*** The data Section Begins ***

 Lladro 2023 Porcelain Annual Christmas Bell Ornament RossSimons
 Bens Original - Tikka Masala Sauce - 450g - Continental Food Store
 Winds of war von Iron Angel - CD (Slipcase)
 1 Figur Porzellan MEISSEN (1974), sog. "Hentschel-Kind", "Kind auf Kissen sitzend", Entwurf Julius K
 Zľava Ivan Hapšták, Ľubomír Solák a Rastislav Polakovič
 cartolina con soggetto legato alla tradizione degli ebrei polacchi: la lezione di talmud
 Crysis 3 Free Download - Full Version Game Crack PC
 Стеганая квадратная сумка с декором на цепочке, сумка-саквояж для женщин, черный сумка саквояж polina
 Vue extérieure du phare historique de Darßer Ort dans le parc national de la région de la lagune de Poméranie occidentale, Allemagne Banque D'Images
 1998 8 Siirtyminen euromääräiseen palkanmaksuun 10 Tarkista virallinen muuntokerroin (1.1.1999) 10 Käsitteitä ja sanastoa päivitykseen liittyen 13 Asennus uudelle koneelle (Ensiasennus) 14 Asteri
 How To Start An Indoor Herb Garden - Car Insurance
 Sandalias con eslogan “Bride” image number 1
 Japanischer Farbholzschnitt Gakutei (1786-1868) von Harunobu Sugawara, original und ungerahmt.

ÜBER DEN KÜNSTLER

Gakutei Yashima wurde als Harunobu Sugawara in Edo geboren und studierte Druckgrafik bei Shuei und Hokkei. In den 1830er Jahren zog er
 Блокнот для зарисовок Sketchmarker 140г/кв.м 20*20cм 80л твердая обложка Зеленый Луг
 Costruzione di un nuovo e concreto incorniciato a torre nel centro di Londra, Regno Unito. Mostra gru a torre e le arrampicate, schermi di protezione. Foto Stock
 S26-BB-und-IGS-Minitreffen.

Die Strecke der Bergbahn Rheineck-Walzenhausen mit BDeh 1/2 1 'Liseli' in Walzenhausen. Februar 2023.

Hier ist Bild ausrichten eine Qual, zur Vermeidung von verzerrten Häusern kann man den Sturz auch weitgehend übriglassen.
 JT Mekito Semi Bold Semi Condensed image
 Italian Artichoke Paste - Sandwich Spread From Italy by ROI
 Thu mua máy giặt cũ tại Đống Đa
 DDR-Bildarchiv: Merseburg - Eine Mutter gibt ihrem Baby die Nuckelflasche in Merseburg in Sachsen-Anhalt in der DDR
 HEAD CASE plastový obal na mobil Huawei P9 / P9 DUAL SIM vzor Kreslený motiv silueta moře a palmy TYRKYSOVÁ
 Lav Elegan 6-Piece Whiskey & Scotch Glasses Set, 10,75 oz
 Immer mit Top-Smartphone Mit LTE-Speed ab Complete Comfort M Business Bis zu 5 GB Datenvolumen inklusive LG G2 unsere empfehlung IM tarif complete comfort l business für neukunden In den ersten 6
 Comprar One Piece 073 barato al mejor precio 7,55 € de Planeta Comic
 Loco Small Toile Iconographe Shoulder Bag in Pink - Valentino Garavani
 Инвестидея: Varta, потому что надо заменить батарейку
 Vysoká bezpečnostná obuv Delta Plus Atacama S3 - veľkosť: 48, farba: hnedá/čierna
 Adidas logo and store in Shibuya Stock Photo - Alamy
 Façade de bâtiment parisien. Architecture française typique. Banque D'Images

*** The data Section Ends ***

What is needed – List all lines from the entries that include the word "Stock".

Task solution –
 Costruzione di un nuovo e concreto incorniciato a torre nel centro di Londra, Regno Unito. Mostra gru a torre e le arrampicate, schermi di protezione. Foto Stock
 Adidas logo and store in Shibuya Stock Photo - Alamy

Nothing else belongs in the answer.